The utility model provides a can restrain and produce lubricated bad electric tool's reduction gear fuel feeding structure and have the electric tool of this structure between the gear. A groove (14a) is provided on the lower surface of the motor bracket (14), a felt member (16) capable of being impregnated with lubricating oil is disposed in the groove (14a), the opening of the groove (14a) is covered with a gasket (15), a through hole (15a) communicating with the inside of the groove (14a) is provided in the gasket (15), and the lubricating oil is supplied to the meshing section (C) of the gear via the through hole (15 a). Thus, poor lubrication between gears can be suppressed.

Description

Reduction gear oil supply structure of electric tool and electric tool

Technical Field

The utility model relates to an electric tool's reduction gear oil feeding structure and electric tool.

Background

In an electric power tool, a reduction gear train is generally provided between a motor and a tool bit (e.g., a grindstone), and lubricating oil is contained in the reduction gear train, so that gears can be lubricated well, and the service life of the reduction gear train is prolonged. In some cases, the electric power tool may be kept in a specific posture for a long period of time during machining work, and in this case, in the speed reduction mechanism, a part of the gear meshing portions may be continuously drained with the lubricating oil for a long period of time, thereby causing poor lubrication. This is particularly true in multi-stage reduction gear trains.
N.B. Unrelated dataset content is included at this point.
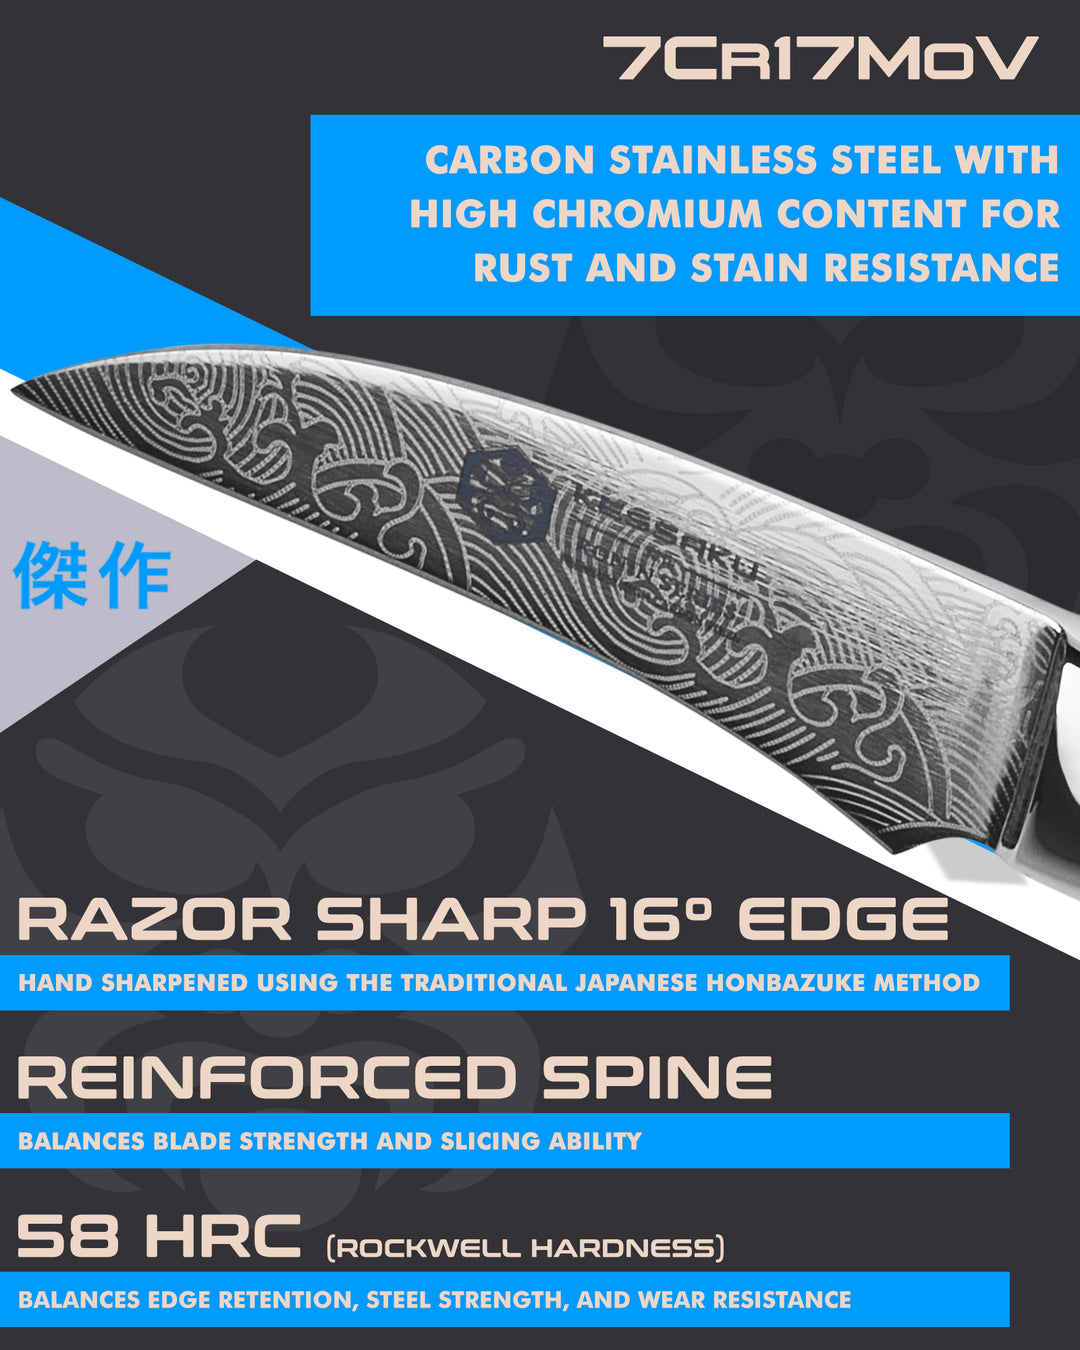 Kessaku Ronin Tourne Knife blade features: 7Cr17MoV steel, 58 HRC, 16 degree edge, reinforced spine
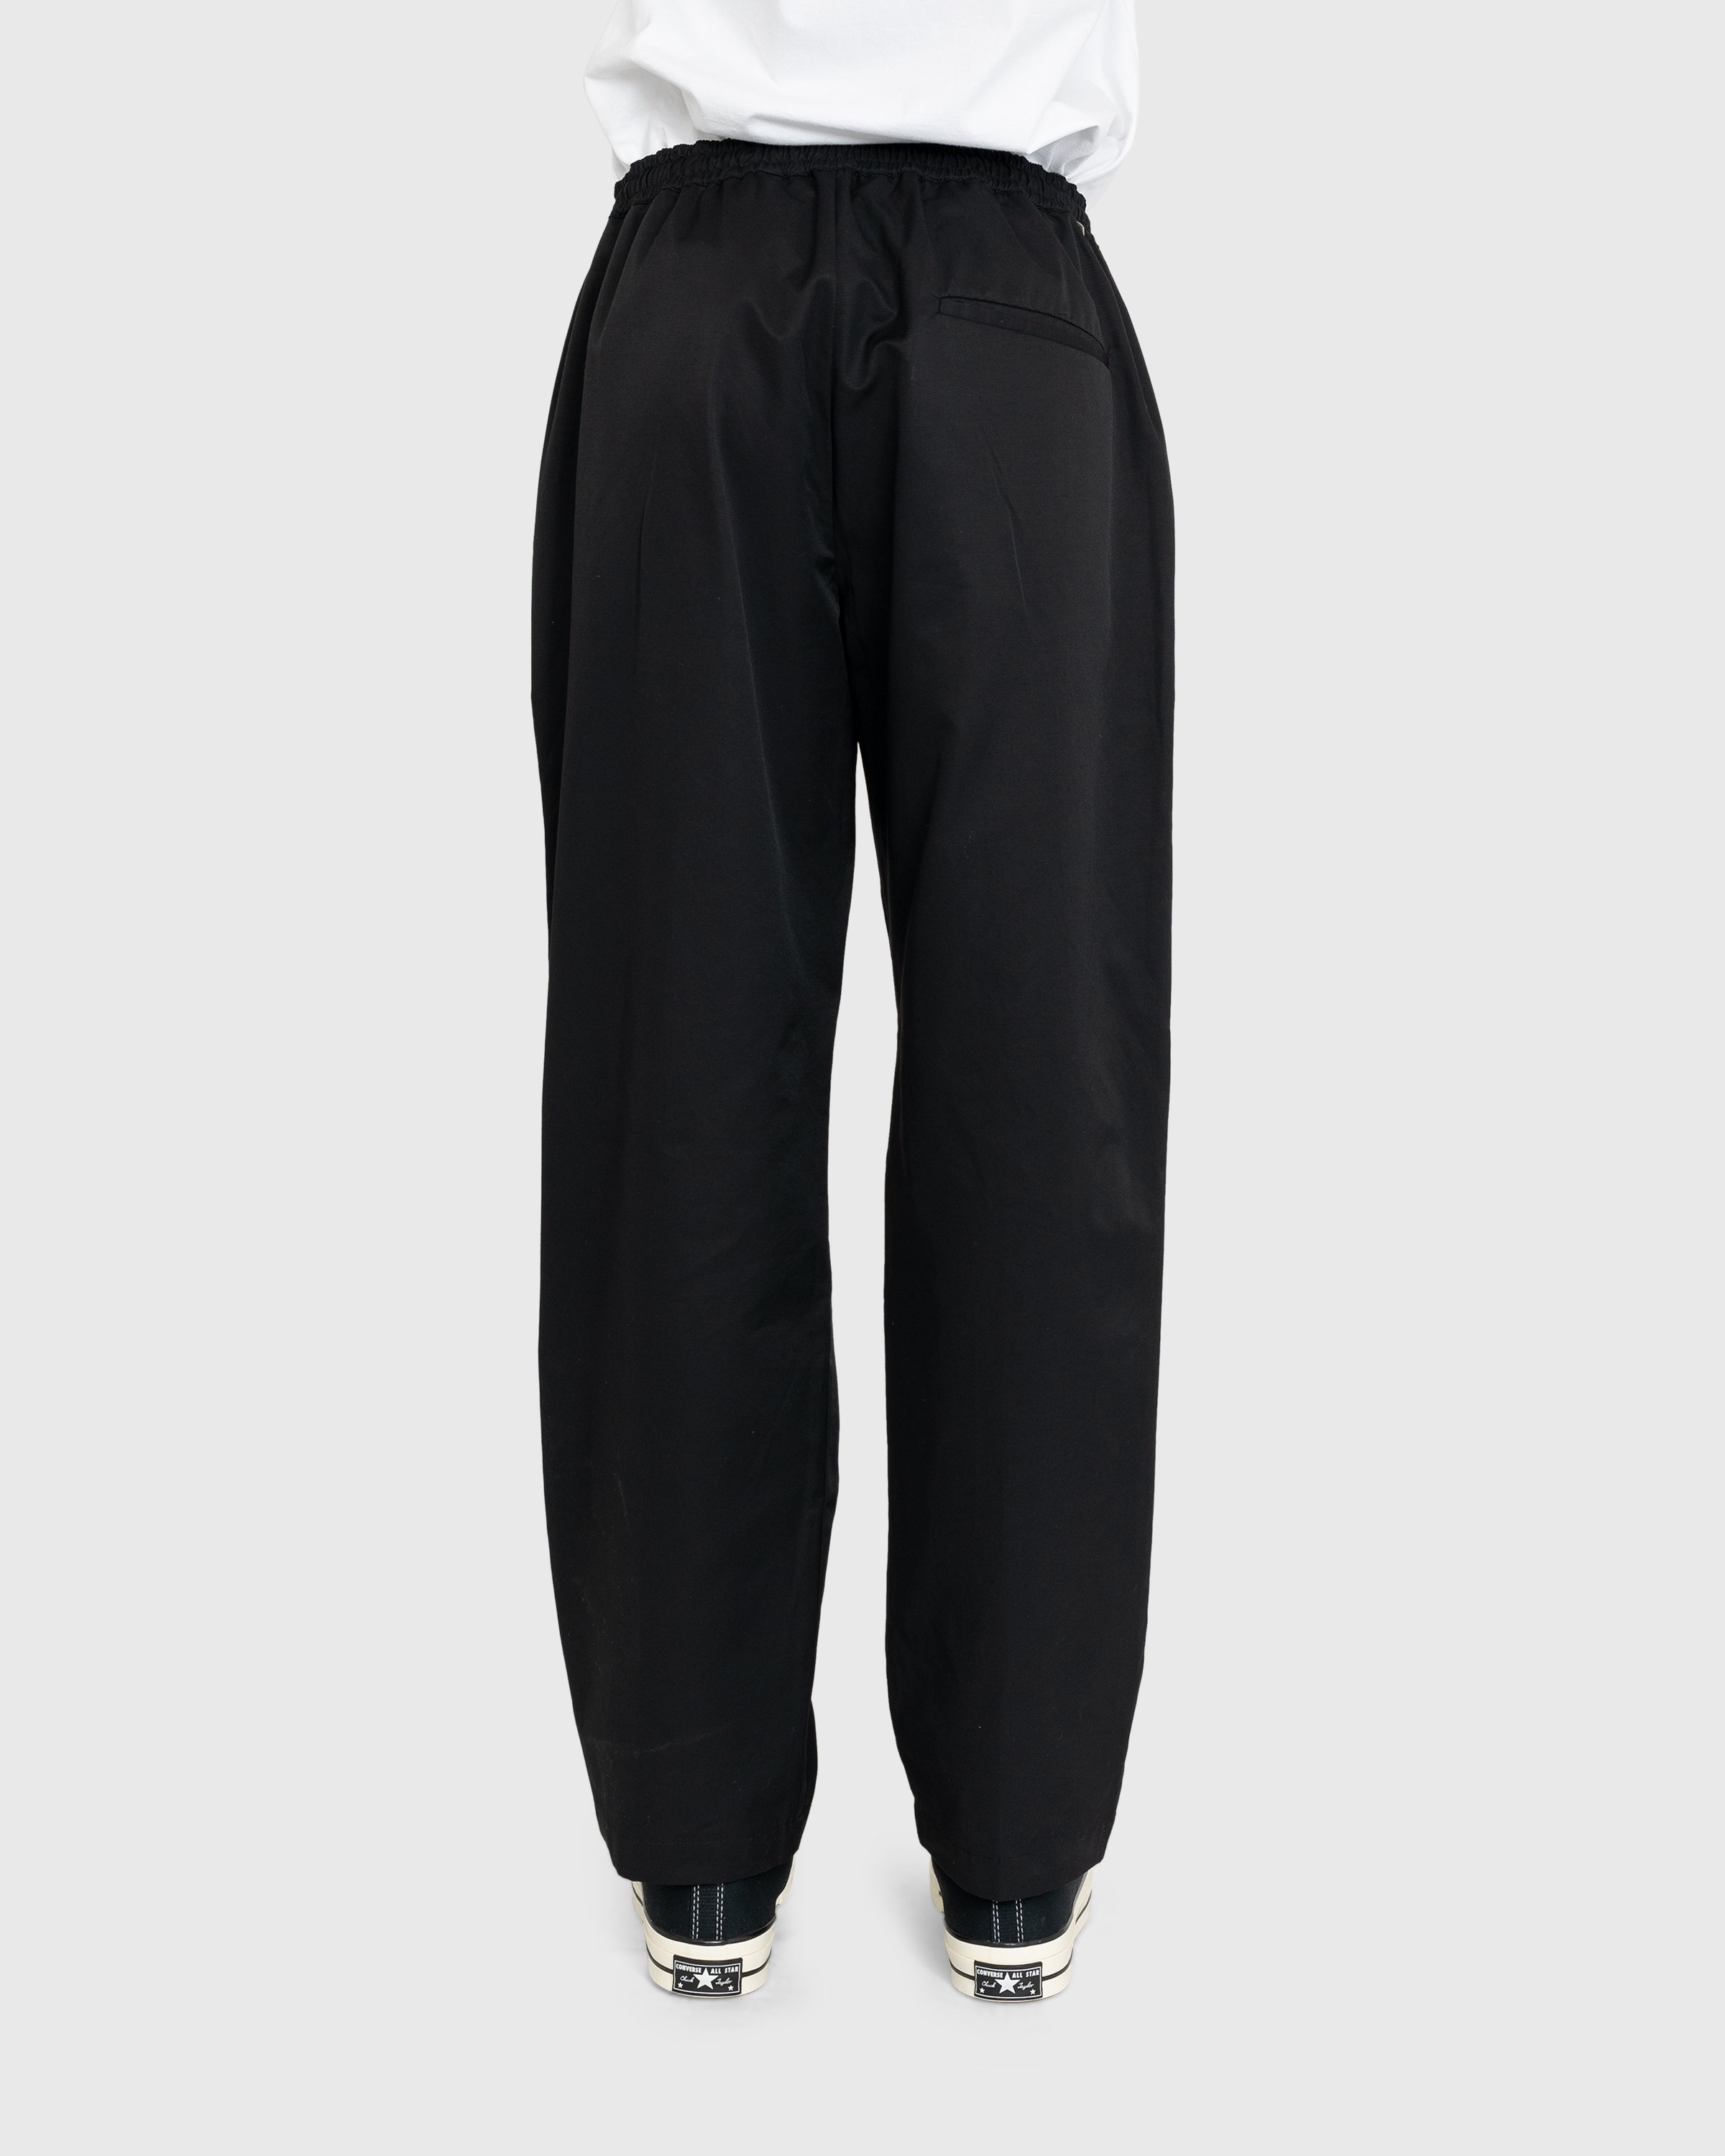 Highsnobiety – Cotton Nylon Elastic Pants Black - Trousers - Black - Image 3

SUMMERY OF THE UTILITY MODEL

In view of the above, an object of the present invention is to provide a reduction gear oil supply structure of an electric tool capable of suppressing occurrence of poor lubrication between gears, and an electric tool having the same.

In order to achieve the above object, the utility model provides an electric tool's reduction gear oil feeding structure, electric tool has: the lubricating oil supply mechanism is provided with a lubricating oil holding space, and a lubricating oil impregnated member is accommodated in the lubricating oil holding space.

With the above configuration, the lubricating oil supply mechanism is provided in the vicinity of the reduction gear train, and the lubricating oil is slowly released without being rapidly lost due to the change in the operation posture by the slow release action of the lubricating oil-impregnated member on the lubricating oil, so that the oil supply and lubrication to the reduction gear train can be maintained for a long time, and poor lubrication between gears can be suppressed, and wear of the gears can be suppressed.

The utility model discloses preferably, lubricating oil keeps somewhere the space and has the orientation the wall portion of reduction gear train is equipped with the oil feed hole that link up on this wall portion. With the above configuration, the lubricating oil retention space is disposed to have a wall portion facing the reduction gear train, and the wall portion is provided with the oil supply hole, so that the structure can be made compact.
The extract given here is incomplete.